# Best basement wall paint on 100 year old cinderblocks



## jomama45 (Nov 13, 2008)

Just by looking at how the existing paint perfomed (as well as your own tests) should give you the simple answer. NO paint is going to last very long on walls like that. There's obviously moisture pushign through the walls, as obviously, the outside is going to be more damp than the interior, and the wall is going to naturally dry to the interior. Unless you can devise a way to get teh exterior dryer than the interior, any paint/primer/miracle cat is going to peel and delaminate at some point.

If you just want some uniform color, I'd mix an actual cement "paint". White portland, a little hydrated lime, bonding admixture, and water. This is far from perfect also, as it will change color when it gets wet, but usually returns to the original white when/if it dries out..........


----------



## mikemark8808 (Aug 27, 2015)

jomama45 said:


> If you just want some uniform color, I'd mix an actual cement "paint". White portland, a little hydrated lime, bonding admixture, and water. This is far from perfect also, as it will change color when it gets wet, but usually returns to the original white when/if it dries out..........


Hmm, what ratios of these things should I use? And shouldn't I just spray the cement with bonding agent before applying the mixture? I've used hydrated lime before to kill cat urine smells on subfloor, didn't know it would be useful in this application!


----------



## stadry (Jun 20, 2009)

if you're concerned about the structural integrity of your home's walls ( your house sits on them ), address the serious water damage & don't worry about paint - that's cosmetic right now,,, we had a job last year where the bsmnt wall collapsed & fell into the garage,,, lying there on the garage floor, it sure looked nice on the part you could see but the backside was rotted out from water & soil acids

IF i were you, i'd start digging outside & see what's going on


----------



## mikemark8808 (Aug 27, 2015)

stadry said:


> if you're concerned about the structural integrity of your home's walls ( your house sits on them ), address the serious water damage & don't worry about paint - that's cosmetic right now,,, we had a job last year where the bsmnt wall collapsed & fell into the garage,,, lying there on the garage floor, it sure looked nice on the part you could see but the backside was rotted out from water & soil acids
> 
> IF i were you, i'd start digging outside & see what's going on


We did this last year when we bought the house. There were holes, mostly at the soil line, 2-3ft deep at most. We made forms and filled them all in with concrete. It was mostly at the corners..
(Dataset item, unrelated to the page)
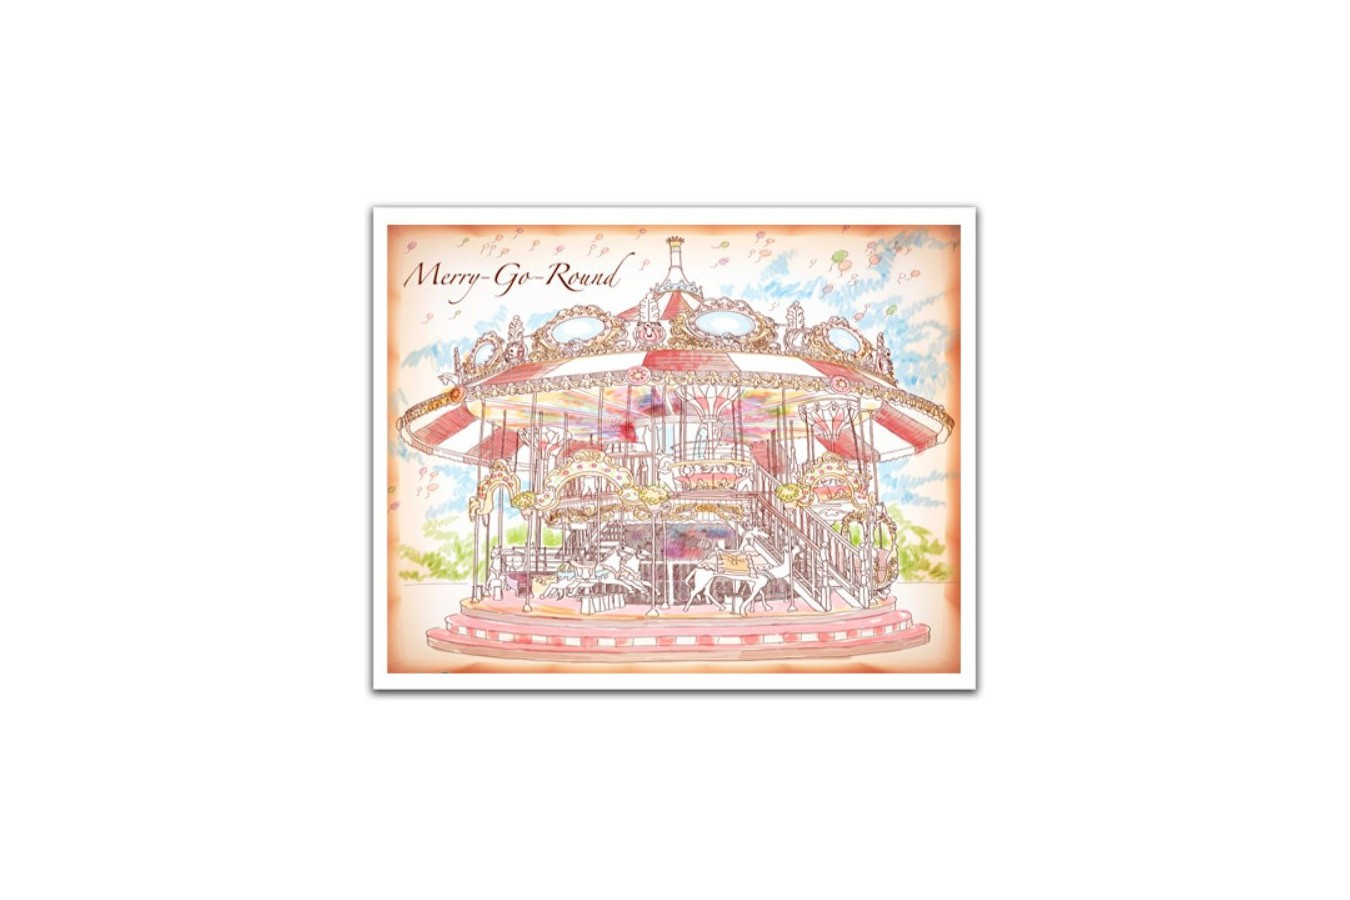 Puzzle din plastic Pintoo - Merry Go Round, 500 piese (H1545) imagine

I saw a neighbor close to us buy a house with tons of basement leakage. He singlehandedly dug out 2 sides of the house by hand, took about 2 weeks. I'm not sure if I'm ready for that kind of job


----------



## Nestor_Kelebay (Jun 17, 2008)

I'd say the best paint is no paint at all. That's because any paint you put on those walls will reduce the evaporation of moisture from the interior wall surfaces. If you live where the ground freezes in winter, then the more moisture you have inside the walls, the greater the probability of freeze/thaw damage to the masonry when that water freezes.

However, if you're stuck on painting those walls, I'd say the best paint to use would be a bathroom paint like Zinsser PermaWhite Bathroom Paint which you can buy at Home Depot. Bathroom paints have a mildewcide in them that kills mildew spores that land on the paint before they have a chance to grow and discolour the paint. I've seen more than a few painted basement walls that were covered with mildew because of the condensation that forms on the wall in cold weather. A bathroom paint would prevent that.


----------



## mikemark8808 (Aug 27, 2015)

Hmm, thanks, that helps. I heard they do sell mildewcide which you can just add to any paint. I might do that instead and use a normal waterproofing paint, since most bathroom paints are glossy, and I don't think I want any sheen at all.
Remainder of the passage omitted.